PROFIT Study: HR20013 Demonstrates Noninferiority in Preventing Chemo-Induced Nausea, Vomiting

The phase 3 PROFIT study found that HR20013, which inhibits neurokinin-1 (NK-1) and 5-HT3 pathways, plus dexamethasone (DEX), was noninferior to the combination of fosaprepitant (FAPR) plus palonosetron (PALO) and DEX for reducing nausea and vomiting induced by cisplatin-based chemotherapy for non-small cell lung cancer. These findings were presented at the IASLC 2024 World Conference on Lung Cancer.

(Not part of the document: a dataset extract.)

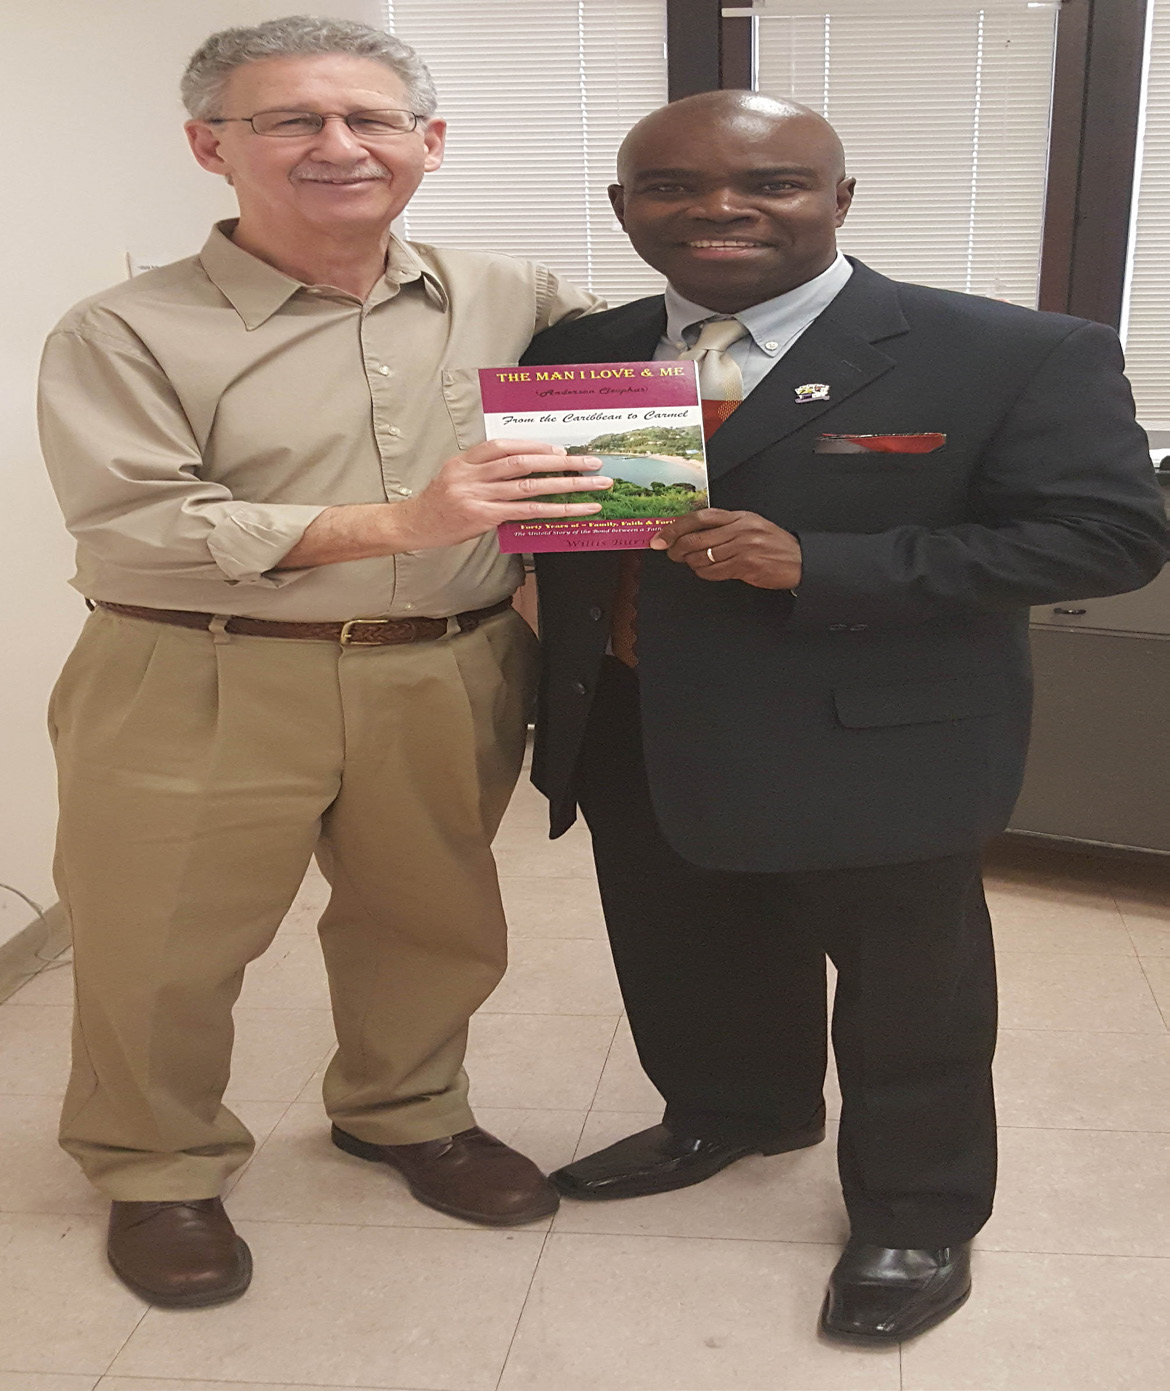 Professor Glenn Lewis with York Alum Willis Burris. PHOTO BY Bintia Drame

HR20013 is an intravenous formulation of HRS5580, a novel NK-1 inhibitor, and PALO. This randomized, double-blind trial enrolled chemotherapy-naïve patients who received cisplatin-based highly emetogenic chemotherapy. On day 1 of each cycle, HR20013 was administered to 373 patients, and FAPR plus PALO was administered to 377 patients. All patients received oral dexamethasone on days 1-4. Patients were administered identical blinded treatments for 2 cycles, and the primary endpoint was complete response (no emesis/no rescue) after chemotherapy in cycle 1. The noninferiority margin was a -10% difference between groups.

The complete response rates were 77.7% and 78.2% for HR20013 and FAPR plus PALO in cycle 1, respectively, meeting the noninferiority threshold. Complete response rates were similar between groups in the acute (0-24 hours) and delayed (24-120 hours) phases in both cycles.

Rates were higher in the HR20013 group in the beyond delayed phase (120-168 hours) in both cycles (cycle 1: 90.3% vs 86.5%; cycle 2: 92.7% vs 87.8%). The investigators noted a trend toward higher rates of complete protection (CP plus visual analog scale score <25 mm) and total control (CP plus visual analog scale score <5 mm) in the beyond delayed phase for the HR20013 arm, particularly in cycle 2. The safety profile in both groups was similar.

“HR20013+DEX was non-inferior to FAPR+PALO+DEX in prevention of cisplatin-based [highly emetogenic chemotherapy-induced nausea and vomiting,]” the authors summarized.

Reference

Zhang L, Zhao Y, Zhang M, et al. Phase 3 Study of HR20013 For Prevention of Cisplatin-based Chemotherapy-induced Nausea and Vomiting (PROFIT Study). Abstract OA07.05. Presented at the IASLC World Conference on Lung Cancer; September 7-10, 2024; San Diego, California.